Steven Milne

Personal information
- Full name: Steven Milne
- Date of birth: 5 May 1980 (age 45)
- Place of birth: Dundee, Scotland
- Position(s): Striker

Senior career*
- Years: Team / Apps / (Gls)
- 1997–2004: Dundee / 98 / (25)
- 1999–2000: → Forfar Athletic (loan) / 35 / (19)
- 2004–2005: Plymouth Argyle / 12 / (0)
- 2005–2011: St Johnstone / 122 / (54)
- 2011: Ross County / 13 / (1)
- 2011–2013: Dundee / 45 / (23)
- 2013–2014: Arbroath / 11 / (3)
- Total:  / 336 / (121)

= Steven Milne =

Scottish footballer

Steven Milne (born 5 May 1980) is a Scottish former professional footballer who played as a striker for Dundee, Forfar Athletic, Plymouth Argyle, St Johnstone, Ross County and Arbroath. Milne received a runners-up medal in the 2003 Scottish Cup Final, where Dundee lost 1–0 to Rangers. He won the Scottish Challenge Cup in 2007 and the Scottish First Division in 2009 with St Johnstone.

==Career==
Milne began his career with Dundee, making two appearances midway through the club's 1997–98 Scottish First Division title-winning season. Failing to appear in the club's Scottish Premier League campaign the following season, Milne spent the entire 1999-00 campaign on loan at Forfar Athletic, scoring 16 goals in 35 league matches. Returning to Dens Park in the summer, Milne featured in over twenty first-team matches, scoring four times as Dundee finished the inaugural twelve-team season in the top six. The following season, Milne featured in the majority of matches, although his five goals failed to lift Dundee higher than ninth place. In 2002–03, Milne again featured regularly, appearing as a substitute in Dundee's narrow Scottish Cup Final defeat to Rangers.

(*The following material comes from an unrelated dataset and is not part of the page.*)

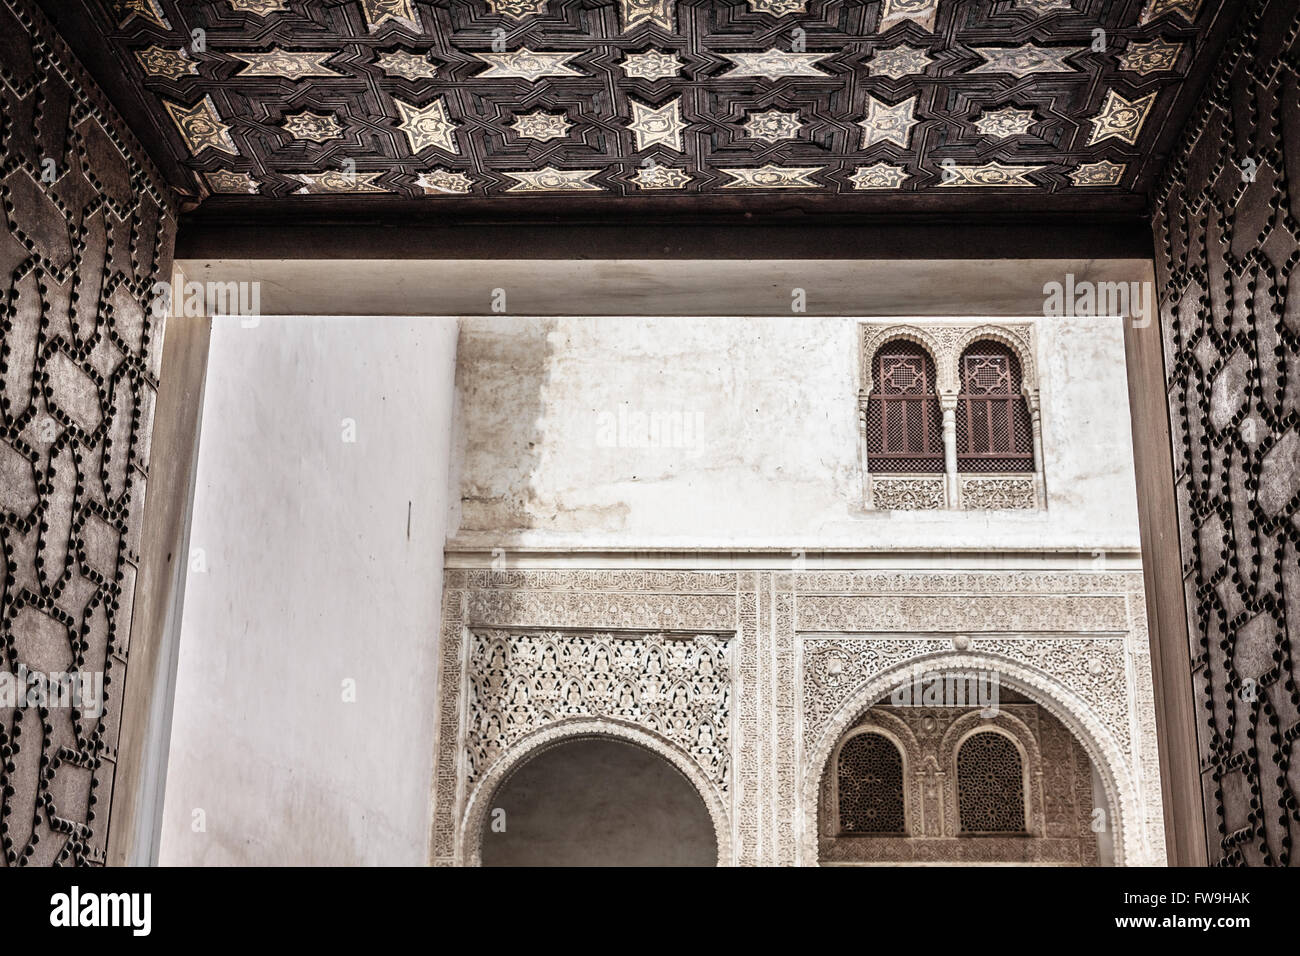 Ornements de style mauresque de l'Alhambra Palace Royal Islamique, Granada, Espagne. Banque D'Images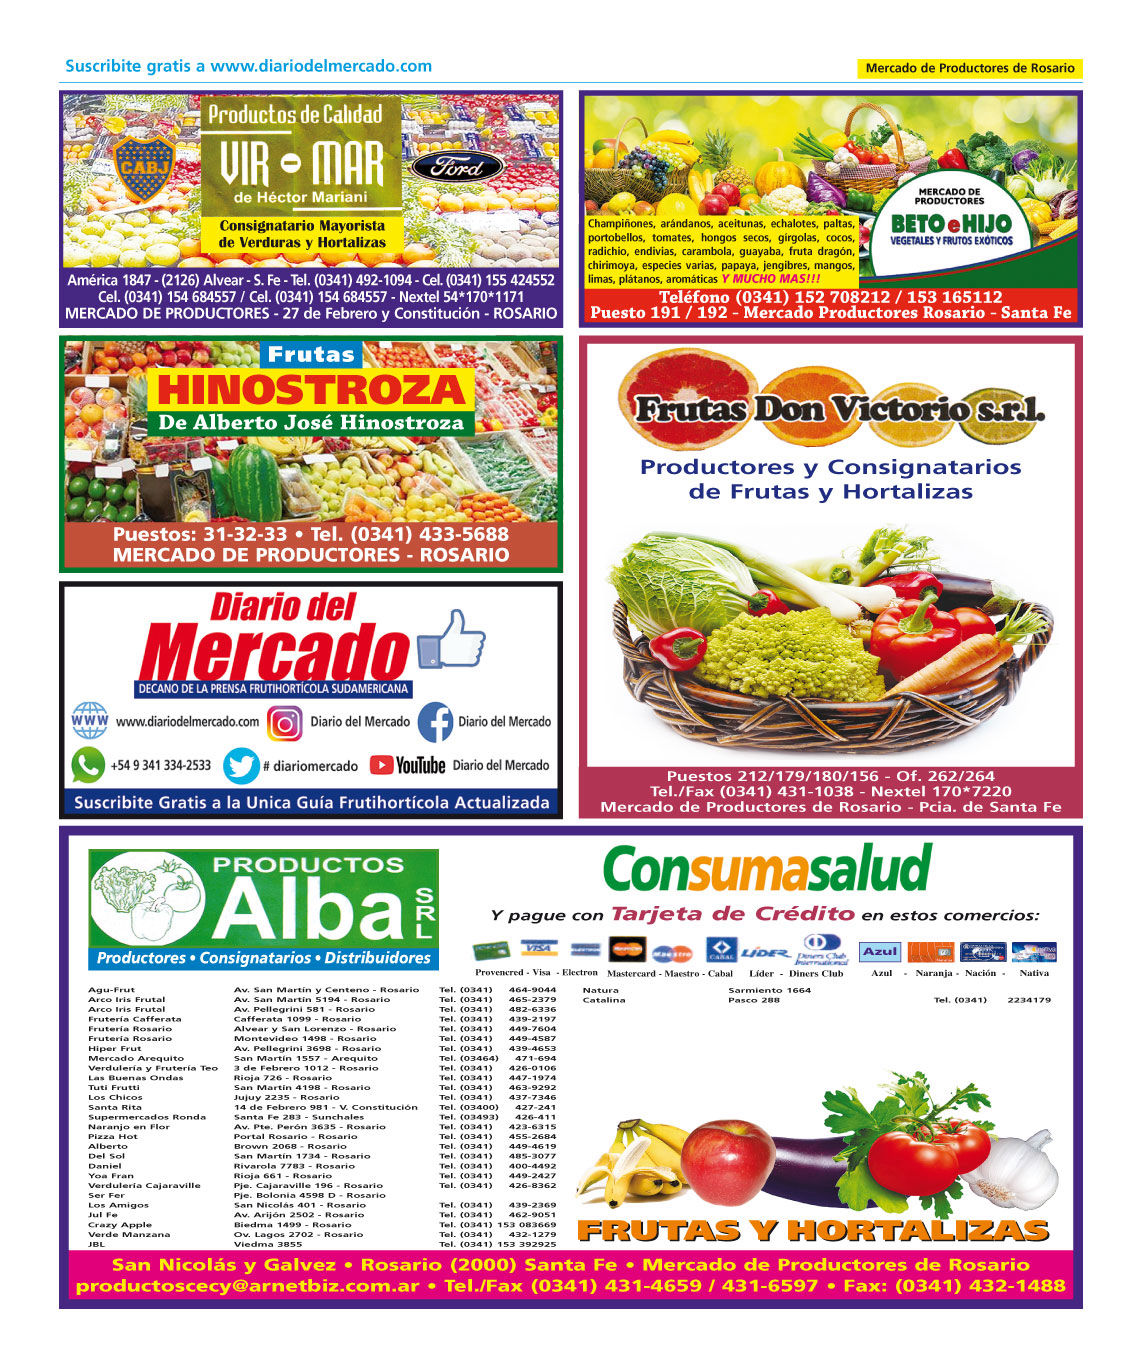 Diario del Mercado Digital

The 2003–04 season proved to be Milne's final year with the club, scoring eight goals in 20 league appearances as Dundee were denied a top six place on goal difference. In April 2004, with Dundee trying to come out of administration, Milne was one of five players offered a new contract on "significantly reduced terms". A month later, Milne rejected Dundee and other SPL clubs to join Plymouth Argyle. Featuring prominently as a substitute in the first three months of the season, Milne sustained an injury that kept him for several months, returning to training in February and making his comeback towards the end of April.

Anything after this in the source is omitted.